Melbourne Stars’ prized recruit Andre Russell has muscled his BBL side to a six-wicket win over Sydney Thunder, clattering five COVID-safe sixes at Showground Stadium.
Russell’s unbeaten 42 from 21 balls proved the difference on Sunday night as the Stars reeled in a target of 152 in 17.1 overs, with the bedazzling innings deserving a bigger crowd than 4314.
The superstar, forbidden from mingling with teammates as per stringent biosecurity protocols for the final day of his quarantine period imposed by Cricket Australia, epitomised what proved a topsy-turvy Sunday night.
Russell went within a whisker of being caught on the rope after belting the ball to Daniel Sams at the end of the 16th over, with the third umpire agonising over every angle before deeming it to be six rather than out.
“I thought I was gone,” Russell admitted after the Stars backed up Friday night’s MCG thriller in style to make it consecutive wins over the Thunder.
“When I saw the catch, I was like ‘wow, well done’ … but his body language was down (afterwards).
“As a fielder, if you’re confident and you don’t touch the rope then you’re definitely going to get up, celebrate with your mates.
“It (the biosecurity restrictions) are a bit strange and weird … but I’m not going to be too fussy about it, I’m happy to still be able to play cricket.”
Earlier, Russell had been on the end of some brutal treatment from Alex Ross, who whacked three consecutive sixes off the allrounder while helping himself to 23 runs from a single over.
“That’s the thing about being an allrounder … you go for runs, you have a chance to make up for it,” said the Jamaican.
Ross hit an unbeaten 77 to help the Thunder score 49 runs from their final three overs, fashioning a total that looked imposing when the Stars slipped to 2-32 after six overs.
Australia’s Twenty20 World Cup heroes Marcus Stoinis and Glenn Maxwell steadied then shifted momentum in a 59-run stand, seizing control with a flurry of boundaries.
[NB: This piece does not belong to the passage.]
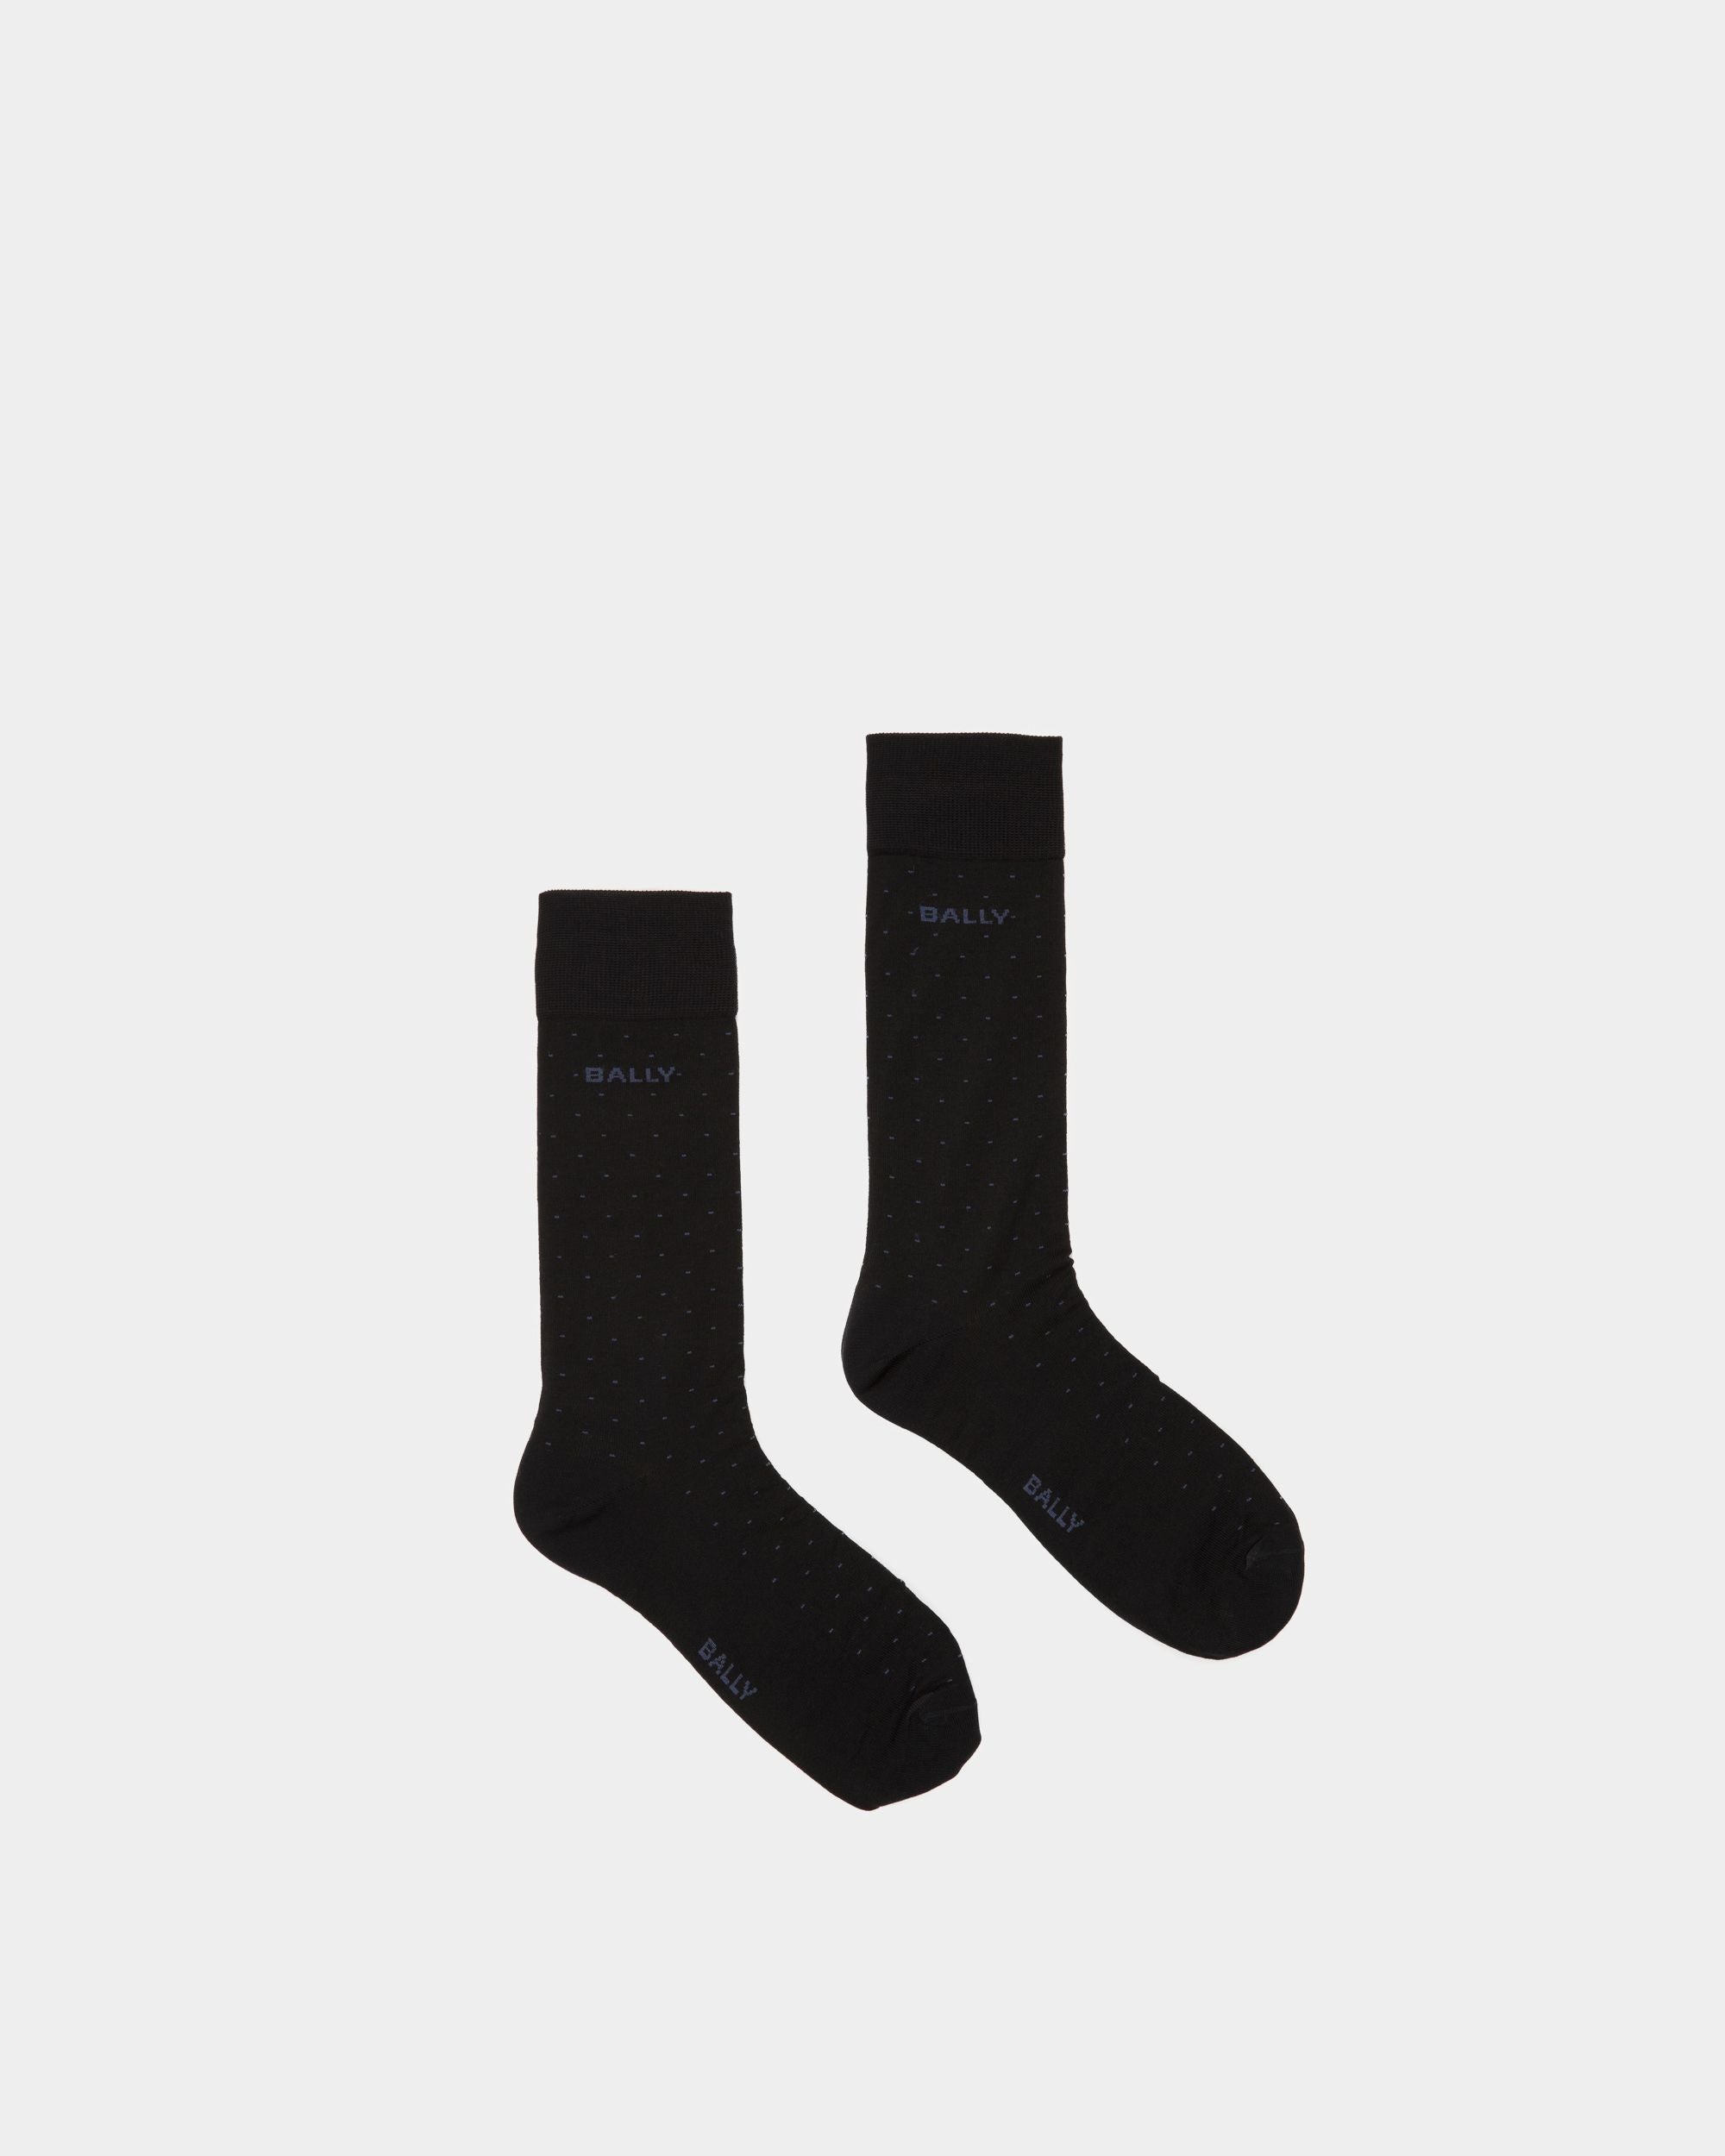 Ribbed Logo Socks | Men's Socks | Ink Cotton Mix | Bally | Still Life Top

But plucky legspinner Tanveer Sangha turned the match on its head yet again, removing Stoinis and Maxwell with consecutive balls in a double-wicket maiden of the highest calibre.
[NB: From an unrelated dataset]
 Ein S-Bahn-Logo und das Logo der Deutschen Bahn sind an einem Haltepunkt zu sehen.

Sangha, who is already on the national selectors’ radar after enjoying a remarkable rise since last year’s BBL debut, could easily have ended Russell’s match-winning knock in the 15th over.
The ball bounced off Russell’s foot and onto the stumps.
The bails refused to budge, let alone fall to the ground.
“I couldn’t really believe it,” Sangha said.
“I want them to fall off every ball, if they could, but I just have to live with it.”
The unique arrangements for Russell and Afghanistan spinner Qais Ahmad created some amusing scenes, such as teammates encouraging Qais (2-17) with air high-fives and a circle of applause after a wicket.